ProRL:基于修正策略梯度估计的主动推荐强化学习框架
阅读原文· arxiv.org针对主动推荐系统中简单应用策略梯度方法存在的梯度估计缺陷,研究提出ProRL强化学习框架。该框架识别出路径级奖励分解为步级奖励时产生的长度依赖偏差,以及忽略分解结构导致的高方差问题。ProRL引入两个机制:逐步奖励中心化通过减去期望奖励消除长度偏差,位置特定优势估计利用奖励分解结构计算步级基线以降低方差。实验表明,ProRL在三个真实数据集上显著优于现有先进方法。
Proactive Recommender Systems (PRSs) aim to guide user preference shift toward target items by generating paths of intermediate recommendations. Reinforcement learning (RL) provides a principled framework for optimizing such sequential decision tasks, as path rewards can naturally capture both short-term acceptance and long-term guidance effectiveness. However, naively applying policy gradients to PRS results in deficient gradient estimation. We identify two deficiencies: (1) path-level rewards decompose into step-level rewards with positive mean, creating a length-dependent bias that causes gradients to favor path extension over meaningful exploration; (2) weighting each step by the entire path-level reward ignores the decomposition structure, leading to high gradient variance.
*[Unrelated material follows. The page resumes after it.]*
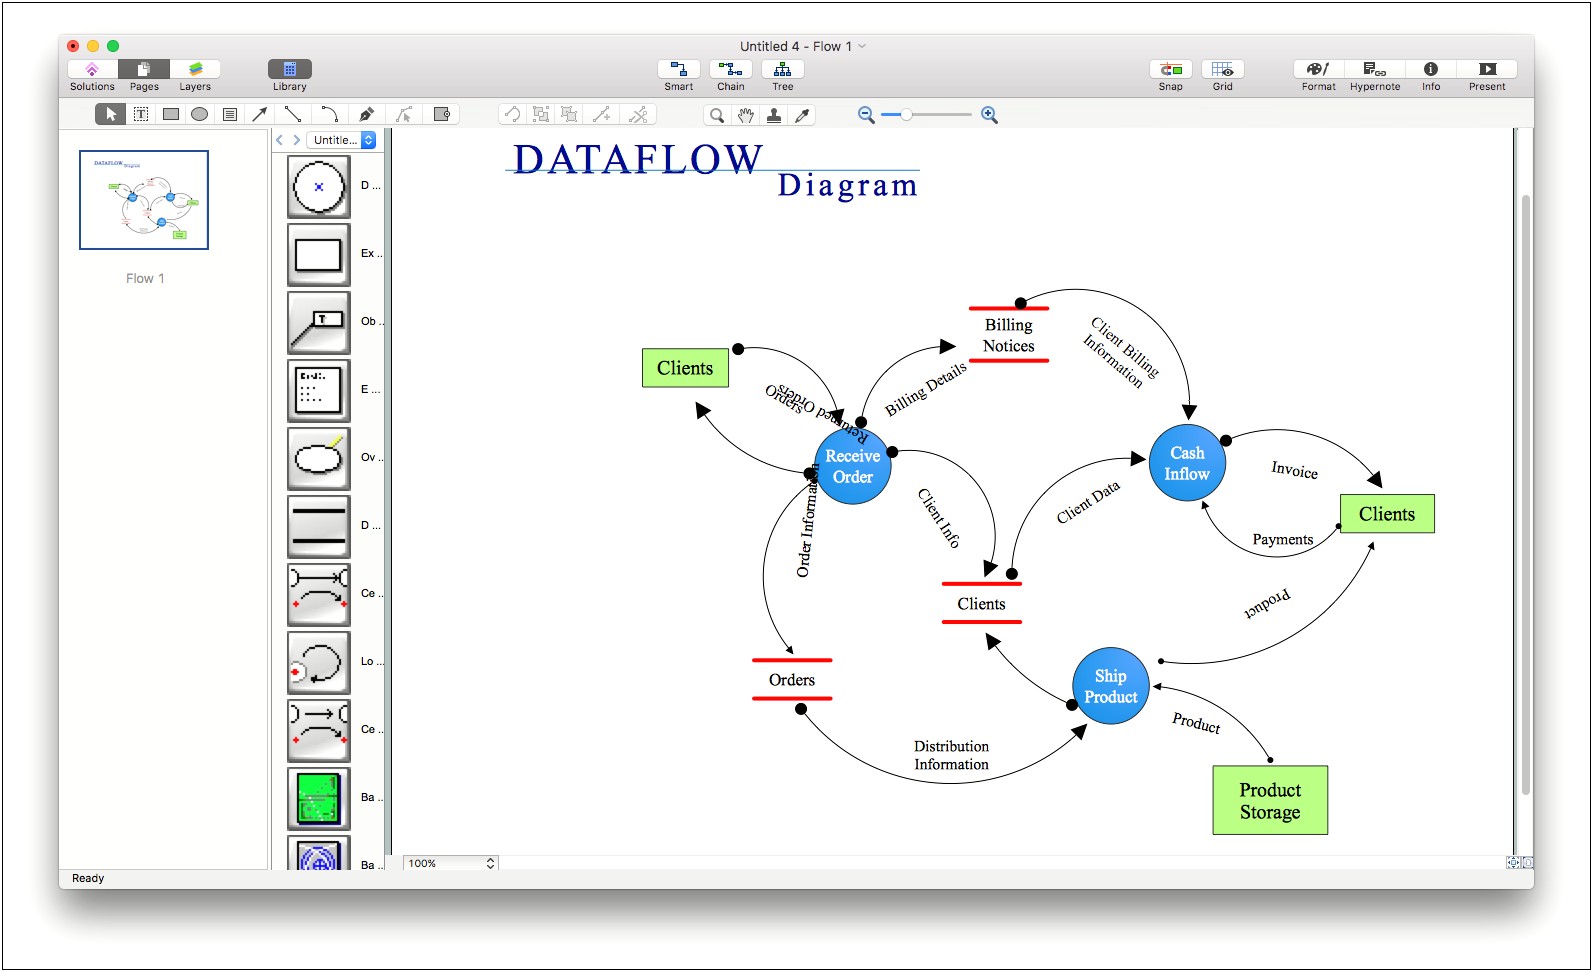 Visio 2010 Sequence Diagram Template Download

To rectify these two deficiencies, we propose an effective RL framework ProRL with two novel mechanisms for proactive recommendation. First, Stepwise Reward Centering subtracts expected rewards to neutralize length-dependent bias, ensuring that path extension yields zero expected gradient signal. Second, Position-Specific Advantage Estimation leverages the reward decomposition structure to compute step-dependent baselines, reducing gradient variance. Together, these mechanisms yield policy gradients that precisely target path quality. Our experiments on three real-world datasets demonstrate that ProRL significantly outperforms state-of-the-art PRSs. Our code is available at https://github.com/hongruhou89/ProRL.